These are the key concepts you need to understand to accurately answer the question.

Variation of Parameters
Variation of Parameters is an invaluable technique for solving non-homogeneous first order linear differential equations. The essence of this method lies in its flexibility; it permits the coefficient in the solution to vary, thereby adapting to accommodate the presence of the non-homogeneous term.

In practice, we take the general solution of the corresponding homogeneous equation and modify it by allowing the constants to become functions of the independent variable. For example, given a differential equation of the form \( y' + p(t)y = g(t) \), the homogeneous solution would involve constants. However, with Variation of Parameters, we look for solutions of the form \( y = A(t) e^{-\(\Psi(t)\)}\), where \(\Psi(t) = \int p(t) dt\) and \(A(t)\) is now a function that varies with \(t\). The technique then involves differentiating this new form, substituting back into the original equation, and solving for the varying parameter, \(A(t)\). The resulting integration often yields the exact form of \(A(t)\), and subsequently, the specific solution to the non-homogeneous equation.
Integrating Factor
The integrating factor is a powerful tool primarily used for first order linear differential equations. The approach hinges on multiplying the entire differential equation by an appropriately chosen function, which is the integrating factor, to enable the left-hand side of the equation to be written as a derivative of a product of functions.

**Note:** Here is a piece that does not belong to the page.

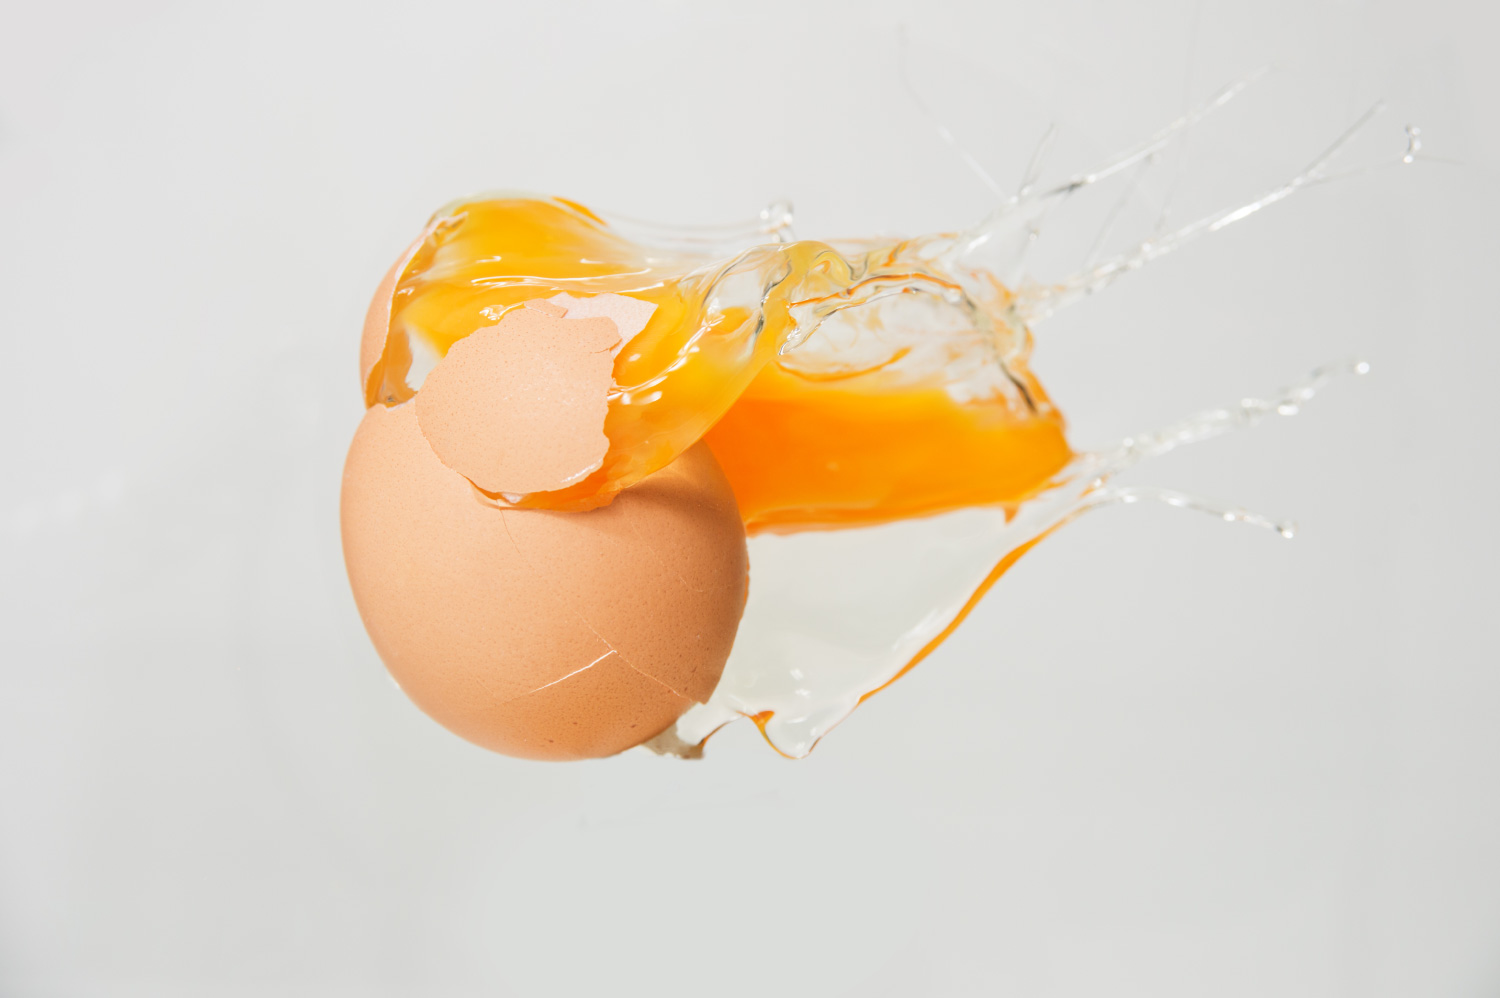 egg splattering showing yoke and egg white protein

This function is typically of the form \(\mu(t) = e^\int p(t) dt\), designed specifically to counterbalance the \(p(t)y\) term in the original equation \(y' + p(t)y = g(t)\). When we multiply both sides of the equation by the integrating factor, it simplifies to \(\mu(t)y' + \mu(t)p(t)y = \mu(t)g(t)\). We notice that the left-hand side is now the derivative of \(\mu(t)y\), which can be integrated directly. The result obtained is a cleaner expression that leads us to the general solution. It's a method that streamlines the process and removes the complication of dealing with products of functions when integrating.
Homogeneous Differential Equations
Homogeneous differential equations are a class of differential equations where the function and its derivatives are set to zero. For a first order linear differential equation, the general form is \( y' + p(t)y = 0 \).

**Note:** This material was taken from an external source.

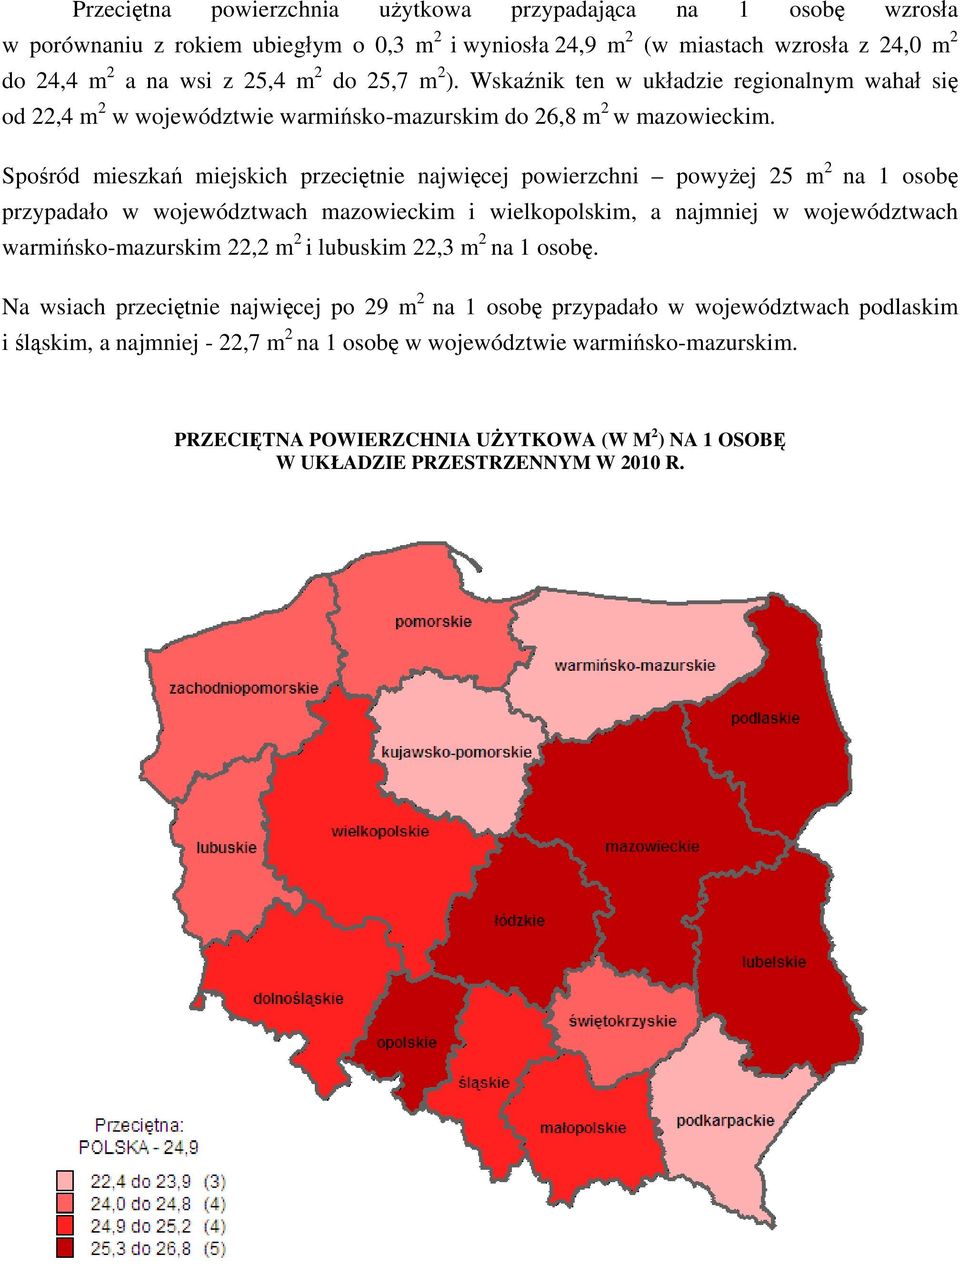 Spośród mieszkań miejskich przeciętnie najwięcej powierzchni powyżej 25 m 2 na 1 osobę przypadało w województwach mazowieckim i wielkopolskim, a najmniej w województwach warmińsko-mazurskim 22,2 m 2

No external forces or influences are acting on the system represented by the equation, as evident by the absence of the term \(g(t)\). The solution to such an equation involves finding an integrating factor, which, when applied, allows us to write the equation in a form that can be integrated directly, leading to a solution typically involving the natural logarithm. For instance, solving the homogeneous part of our problem gives us the solution \( y = A e^{-\int p(t) dt}\), where \(A\) is an arbitrary constant. It's essential to understand this concept, as the solution to the homogeneous equation is often the first step towards solving more complex non-homogeneous differential equations.
Non-homogeneous Differential Equation
Non-homogeneous differential equations differ from their homogeneous counterparts due to the presence of a non-zero function on the right-hand side of the equation, generally denoted by \(g(t)\). The form of a first order linear non-homogeneous differential equation is \( y' + p(t)y = g(t)\).

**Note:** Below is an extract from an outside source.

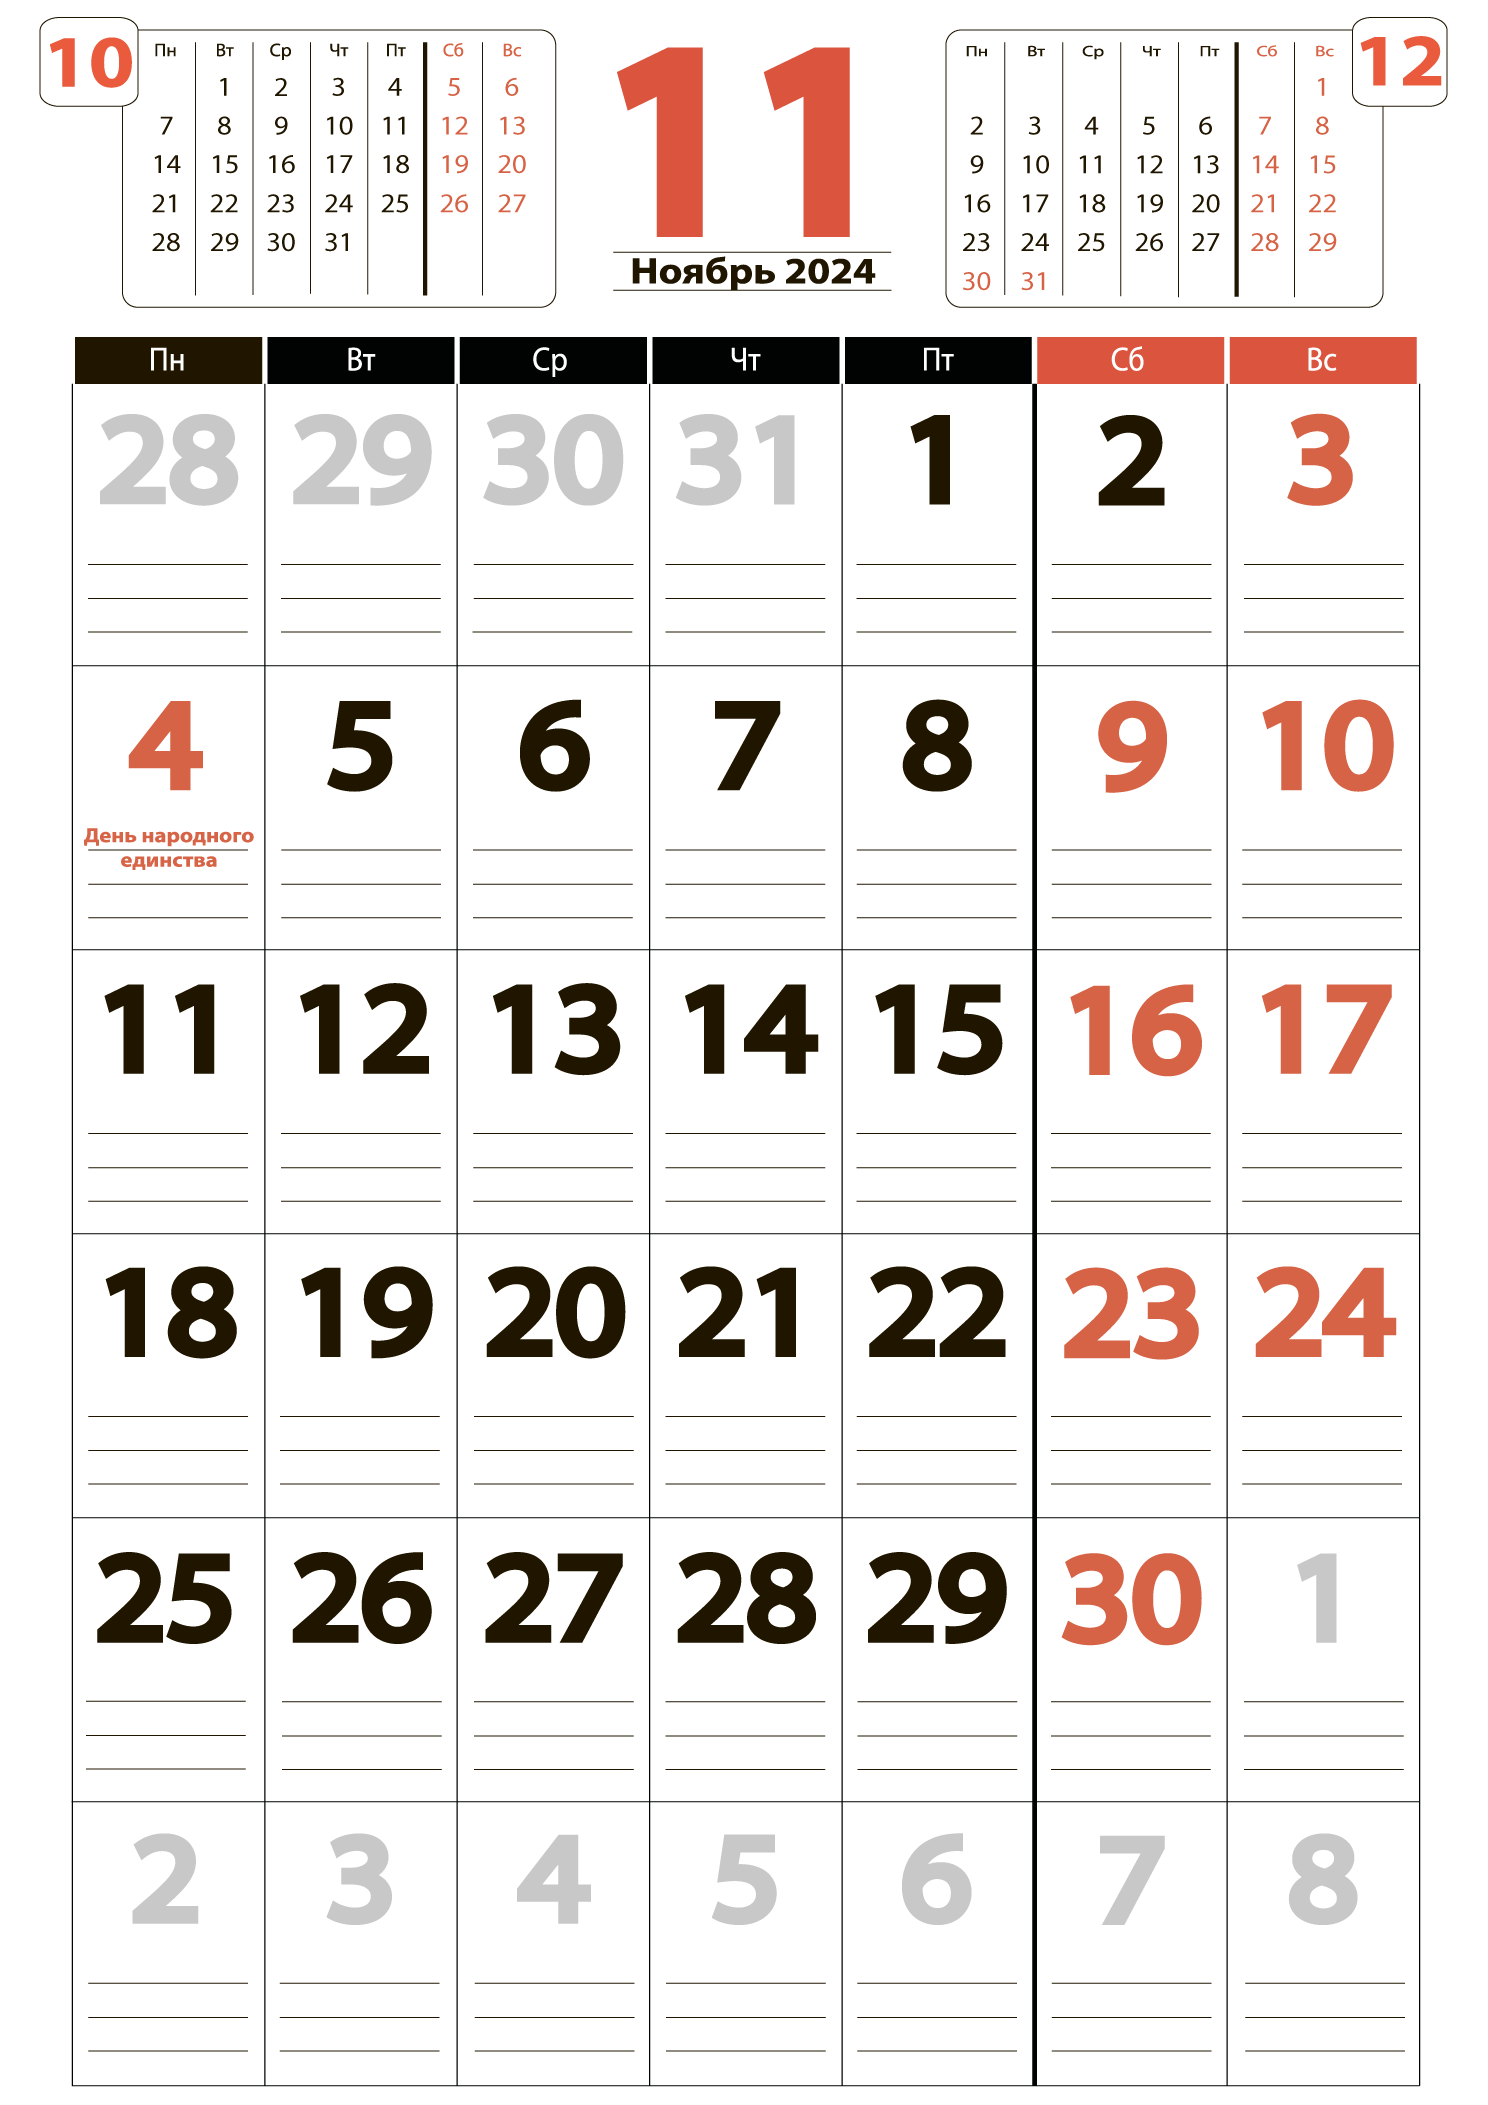 Печать крупного календаря на ноябрь 2024

This additional term \(g(t)\) represents an external input or driving force acting on the system. Solving a non-homogeneous differential equation typically involves finding a particular solution that accommodates the \(g(t)\) term, along with the general solution of the associated homogeneous equation. Using Variation of Parameters or the method of Undetermined Coefficients, we can construct a specific solution that, when added to the general solution of the homogeneous equation, gives the complete solution to the non-homogeneous equation. The resulting expression reflects how the system behaves under the influence of the external force embodied by \(g(t)\).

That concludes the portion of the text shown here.